Comparing the observed real-time state variables to the global performance map (step g):
The observed real-time state variables are then compared to the global performance map. This comparison involves finding the nearest cluster in the state space that corresponds to the real-time state of the system. By comparing the current state to the predefined clusters, the system determines how closely the real-time state matches the conditions for which the machine learning model was trained and tested.
Calculating a confidence index (step h): Finally, based on the comparison between the observed real-time state and the stored cluster information (ML and CL), a confidence index is calculated. This index indicates whether the machine learning model is operating within the predefined performance thresholds (ML and CL) for the respective cluster. The confidence index helps assess if the model's predictions can be trusted for the current system state.
Measures of the variables of said technical system may be performed by at least one of the following sensors:
Said electrical machine may be a direct current (DC) motor, an alternating current (AC) motor, a synchronous motor, an asynchronous motor (induction motor), a stepper motor, a servo motor, a permanent magnet synchronous motor (PMSM), a brushless DC motor, a switched reluctance motor, a generator (such as a synchronous generator, an induction generator, or an alternator), or any combination of electrical machines capable of converting electrical energy to mechanical energy or vice versa, typically found in industrial, automotive, transportation, or renewable energy systems.

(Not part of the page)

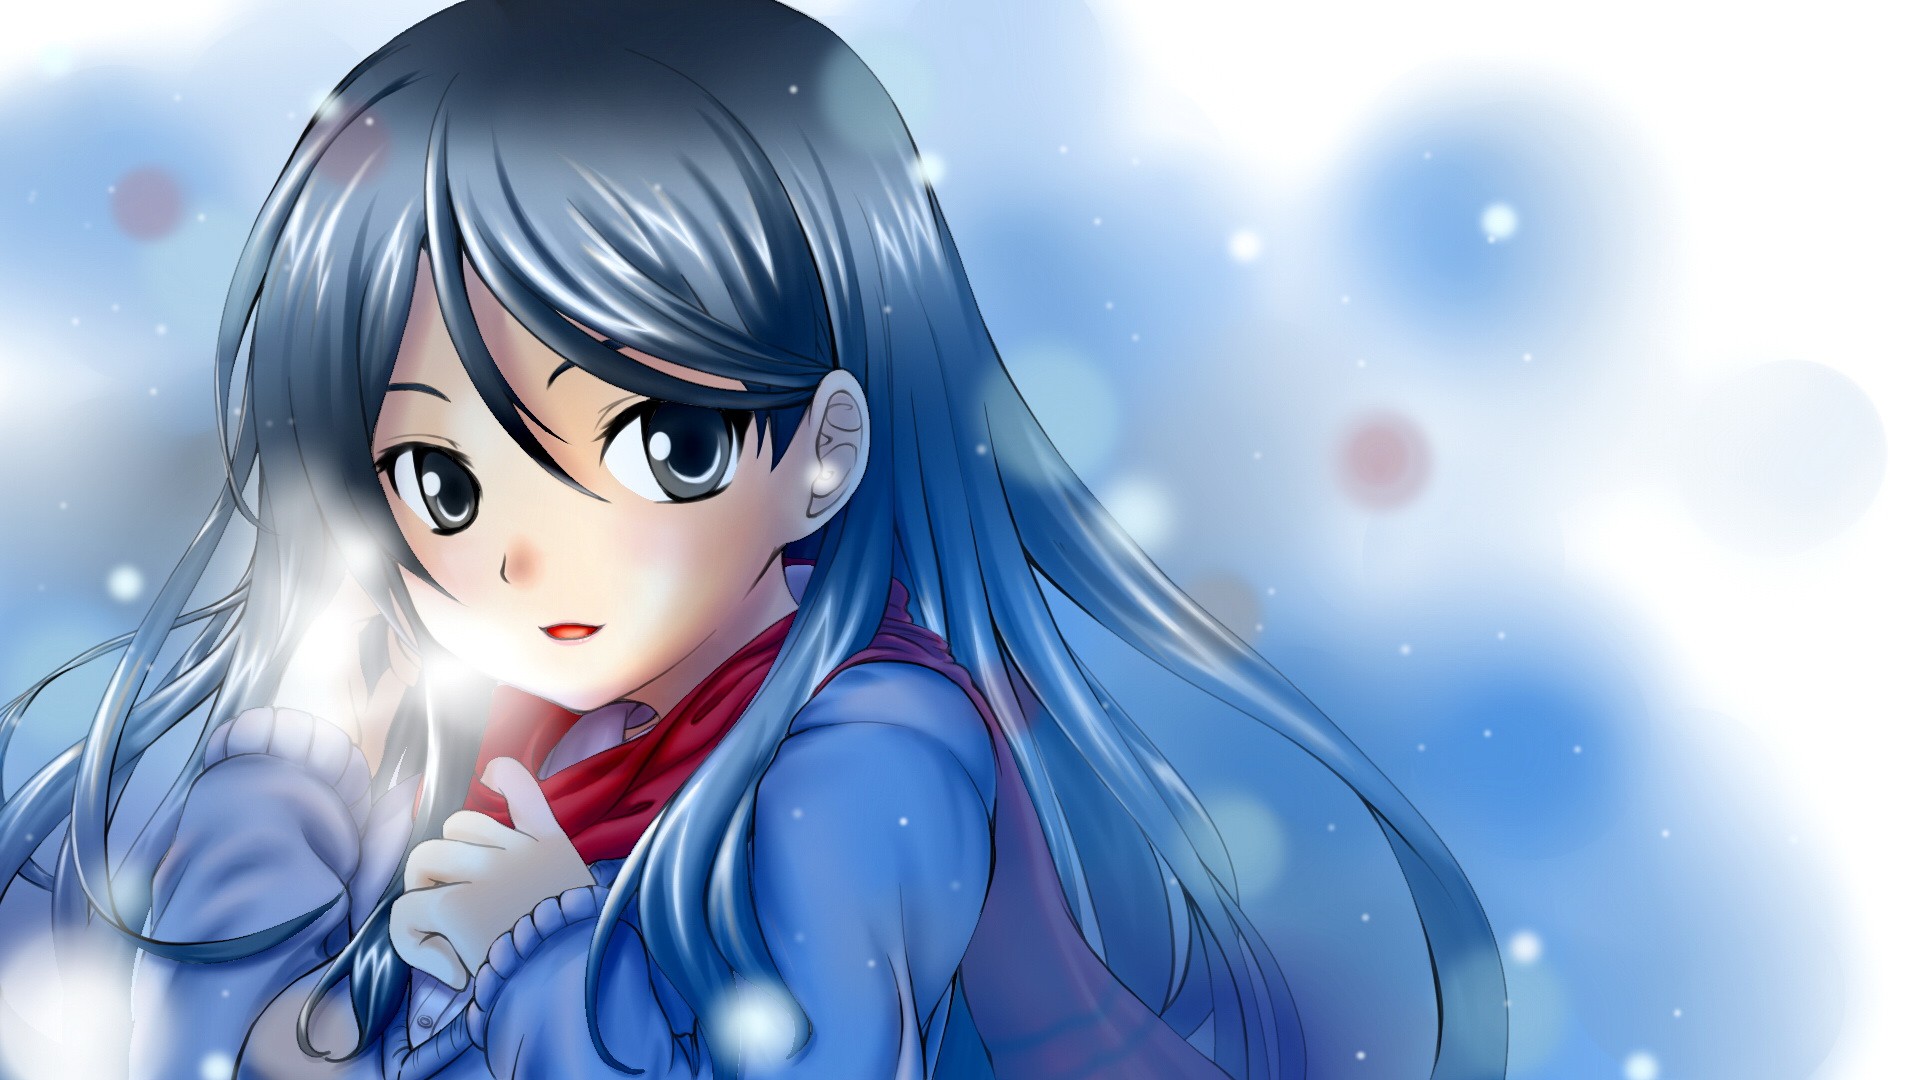 Nếu bạn muốn khám phá vẻ đẹp của mùa đông, hãy xem hình ảnh Winter Anime Girl với đôi mắt lạnh lùng. Bức tranh này thể hiện sự sáng tạo và tính cách của cô gái trong khung cảnh mùa đông tuyết trắng.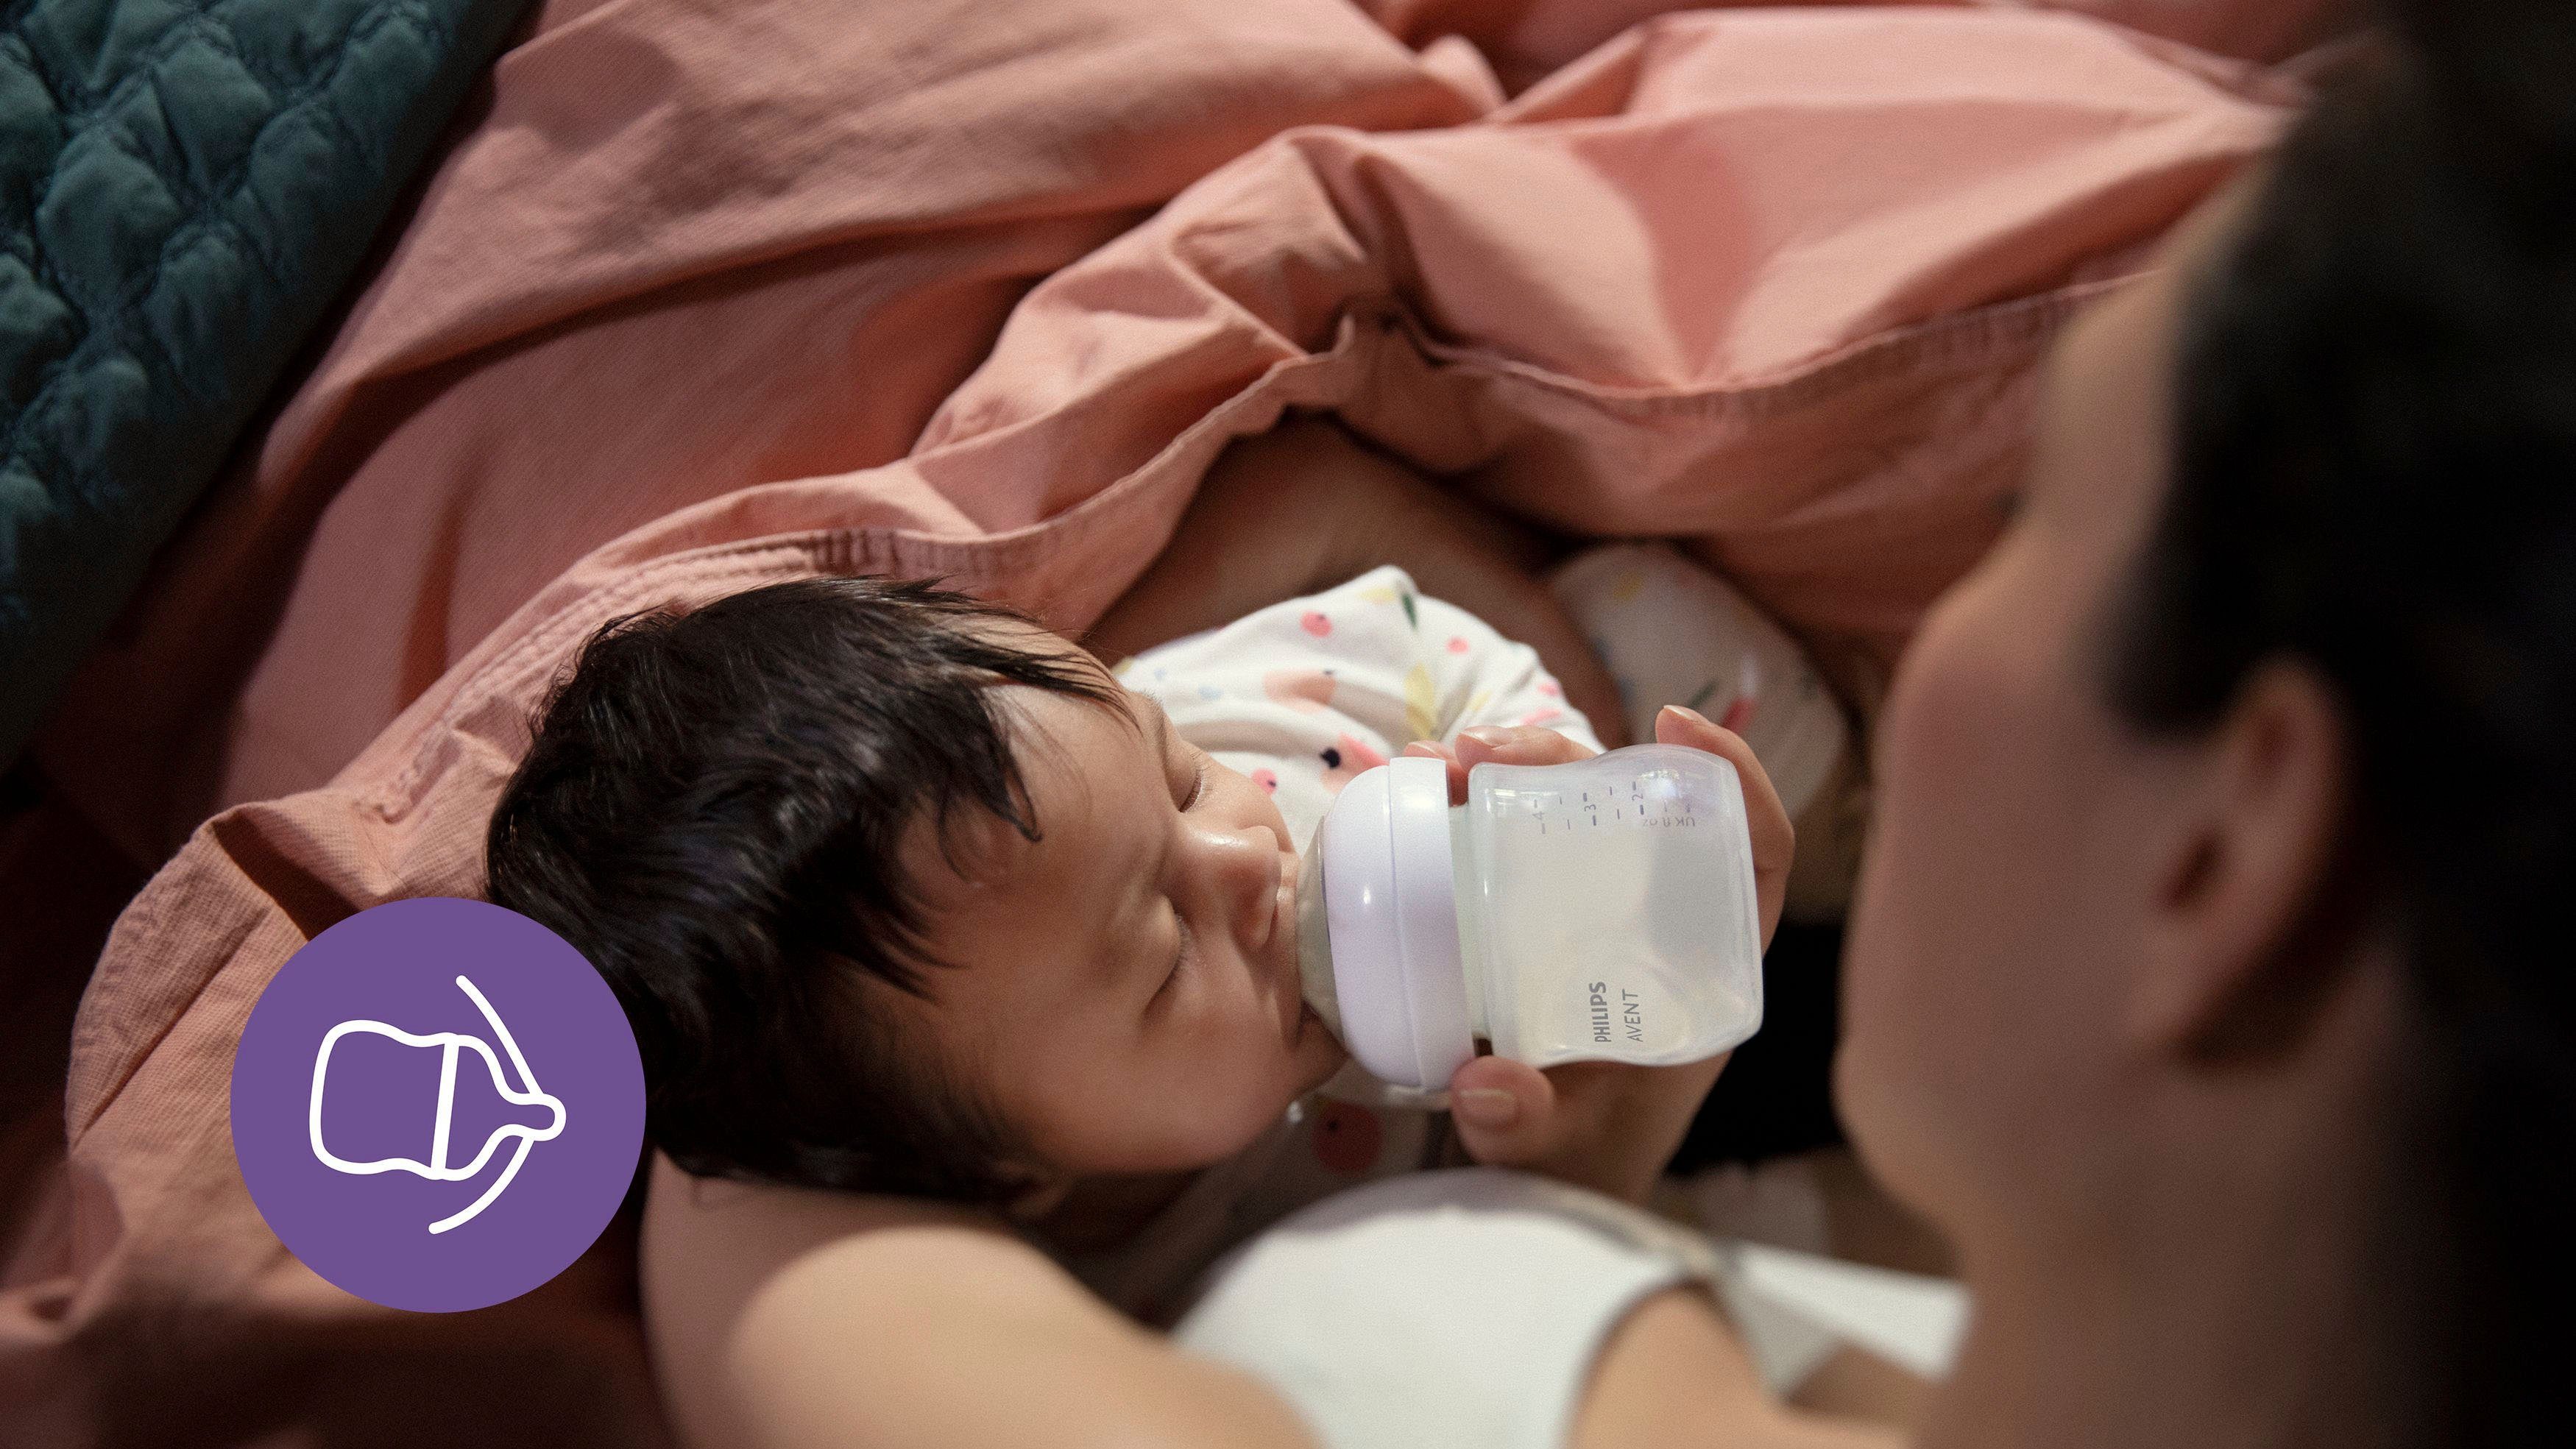 SCD878/11, Schnuller 3 Babyflasche aus AVENT Neugeborene Response soft Starter-Set Philips ultra Flaschen und Natural Glas Glas für

Said physical system comprising an electric machine may be found in a variety of applications, including:
These systems typically utilize an electric motor, generator, or a combination thereof to convert electrical energy to mechanical energy or vice versa, often for propulsion, control, or power generation.
The performance of the machine learning model may be evaluated through various metrics, depending on the nature of the task. In the case of classification, common metrics include accuracy, precision, recall, F1 score, the area under the ROC curve (AUC), the confusion matrix, and the Matthews correlation coefficient (MCC). For regression tasks, metrics like mean absolute error (MAE), mean squared error (MSE), root mean squared error (RMSE), R-squared (R2), mean absolute percentage error (MAPE), and adjusted R-squared are often used to assess the model's performance.
Said method may further comprise, before step (d2), removing constant dimensions from the state vector, wherein constant dimensions are those dimensions that vary by less than a predefined threshold across different observations in the state vector.
This step involves removing constant dimensions from the state vector before clustering the data points. Constant dimensions are those variables in the state vector that show little to no variation across different observations. By eliminating these dimensions, the method reduces unnecessary complexity, ensuring that only the variables that have meaningful variation and impact on the system's behavior are considered for clustering and performance evaluation. This step improves the efficiency and accuracy of the confidence index by focusing only on the relevant state variables.
Said method may further comprise, before step (d4), verifying the information density of each cluster, to ensure that each cluster contains a number of data points exceeding a predefined threshold.
This step aims to ensure that each cluster contains a sufficient number of data points to provide reliable statistical analysis. If the number of points in a cluster is below the threshold, additional data points may be collected under similar conditions (close to the cluster's center), ensuring that the cluster meets the necessary data density before continuing with further computations. Alternatively, if a cluster density does not meet the threshold, it may not be used for further steps to avoid inaccurate or unreliable performance evaluations.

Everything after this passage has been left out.